Another area of concern, but separate from the current focus on running stats over benchmarking scores, is helping users improve their eval and test set validity. Benchmark validity testing could use diagnostic tools from Item Response Theory, to converge on a smaller, higher-quality item set where every item is valuable (e.g., see Fluid Benchmarking). For each item in a set, know:
   - Difficulty: What proportion of model/prompt variants get this right? Near-zero items either have bad reference answers, are genuinely unanswerable, or represent a capability so far out of range it's not discriminating anything useful. Near-ceiling items inflate scores without adding signal.
   - Discrimination: Does performance on this item correlate with performance on the rest of the eval? A good item should be passed by models that do well overall and failed by models that do poorly. Low or negative discrimination is a red flag. Negative discrimination especially suggests the item may be flawed, ambiguous, or testing something orthogonal.

More practically speaking, we could:
 - Flag always-pass and always-fail items for removal or replacement. Replace them with items at a similar difficulty level to what the user intended but with better discriminating power.
 - Flag negative-discrimination items for inspection. These usually have one of a few problems: ambiguous wording where reasonable models disagree on interpretation, a flawed reference answer, or the item is actually measuring a different construct than the rest of the eval. Decide whether to fix or drop.
 - Cluster items by similarity, either by topic or by response pattern (items that all the same models pass/fail together).

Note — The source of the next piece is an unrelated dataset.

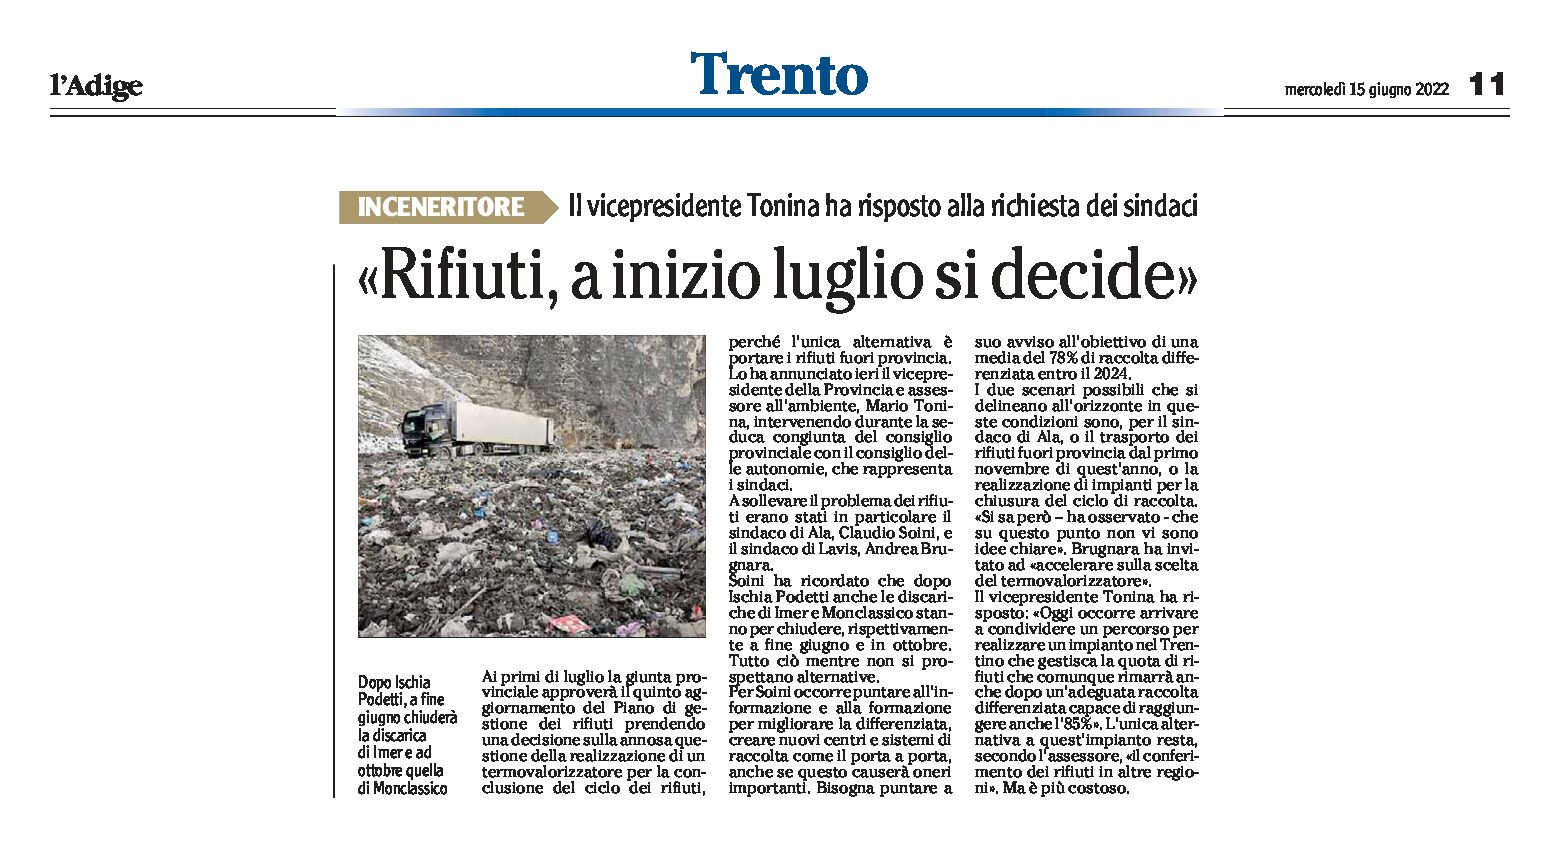 Trentino, rifiuti: Tonina “a inizio luglio si decide”

Prune to the most discriminating items in each cluster. After pruning, look for construct areas that lost too many items: the user may need to write better items for that region rather than leaving it underrepresented.
 - Benchmark distillation: Using an IRT-style approach similar to Fluid Benchmarking to find the most informative subset of eval items, and removing less informative ones. Could offer multiple methods for this, and simulations showing how they perform. E.g.: 
    - ```
        Full benchmark: 1200 items
        Distilled benchmark: 35 items
        Token savings: 96%
        Rank correlation: 0.94
      ```
 - Target a difficulty distribution: a well-designed benchmark has items spread across the difficulty range, with more items in the middle (where models are actually differentiated) than at the extremes. If the user's distribution is skewed too easy or hard, help them write targeted items to fill gaps.

## Development

For package build, release validation, and maintainer workflows, see [DEVELOPMENT.md](DEVELOPMENT.md).

## License

This repository uses two licenses:

- **`evalstats` package** (everything outside `website/`) — [MIT](LICENSE).
- **Stats for Evals Website** (everything in `website/`) — [CC BY-NC-ND 4.0](website/LICENSE). You may share it with attribution non-commercially, but commercial use and derivative works are not permitted.